The financial statements have been prepared under the historical cost convention. The principal accounting policies adopted are set out below.

 

The Group interim financial statements consolidate the financial statements of the parent company and its subsidiary undertakings drawn up to 30 June 2020. The results of subsidiaries acquired or sold are consolidated for periods from or to the date on which control passed.

 

Business combinations are accounted for in accordance with International Financial Reporting Standards. Acquisitions of subsidiaries and businesses are accounted for using the acquisition method. The consideration of each acquisition is measured as the aggregate of the fair values (at the date of exchange) or cash and other assets given, liabilities incurred or assigned and equity instruments issued by the Group in exchange for control of the acquiree.

 

 

 

 

1.2

Going concern

 

 

 

The Directors, having made due and careful enquiry and preparing forecasts, are of the opinion that the Company has adequate working capital to execute its operation over the next 12 months. The directors, therefore, have made an informed judgement, at the time of approving the financial statements, that there is a reasonable expectation that the Company has adequate resources to continue in operational existence for the foreseeable future.

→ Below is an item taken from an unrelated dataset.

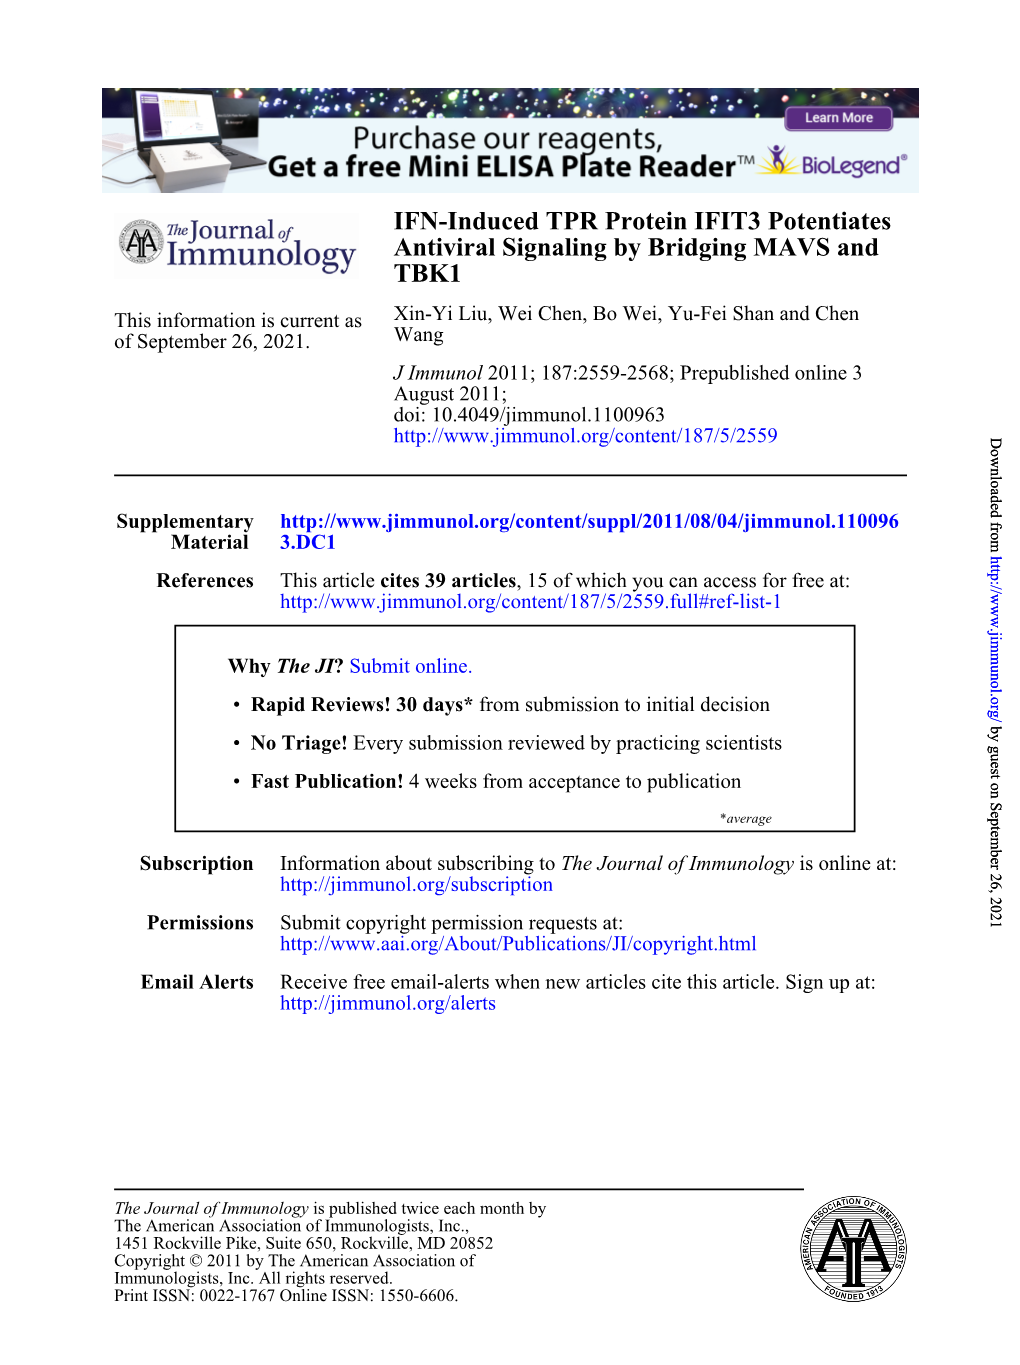 TBK1 Antiviral Signaling by Bridging MAVS and IFN-Induced TPR

As a result, the directors have continued to adopt the going concern basis of accounting in preparing the interim statements.

 

 

 

 

1.3

Property, plant and equipment

 

 

 

Property, plant and equipment are initially measured at cost and subsequently measured at cost or valuation, net of depreciation and any impairment losses.

 

 

 

 

 

Depreciation is provided at the following annual rates in order to write off the cost less estimated residual value of each asset over its estimated useful life.

 

 

 

 

 

Computers

33.33%

 

 

 

 

The gain or loss arising on the disposal of an asset is determined as the difference between the sale proceeds and the carrying value of the asset, and is recognised in the income statement.

 

 

 

 

1

Accounting policies

 

 

 

1.4

Cash and cash equivalents

 

 

 

Cash and cash equivalents include cash in hand, deposits held at call with banks, other short-term liquid investments with original maturities of three months or less, and bank overdrafts. Bank overdrafts are shown within borrowings in current liabilities.

 

 

 

 

1.5

Financial instruments

 

 

 

A financial instrument is a contract that gives rise to a financial asset of one entity and a financial liability or equity instrument of another entity. Financial assets and liabilities comprise non-derivative and derivative receivables and payables.

 

 

 

 

 

Classification: Financial assets

 

 

 

The Group classifies financial assets in the following measurement categories:

· financial assets subsequently measured at fair value (either through other comprehensive income or through profit or loss), and

· financial assets measured at amortised cost.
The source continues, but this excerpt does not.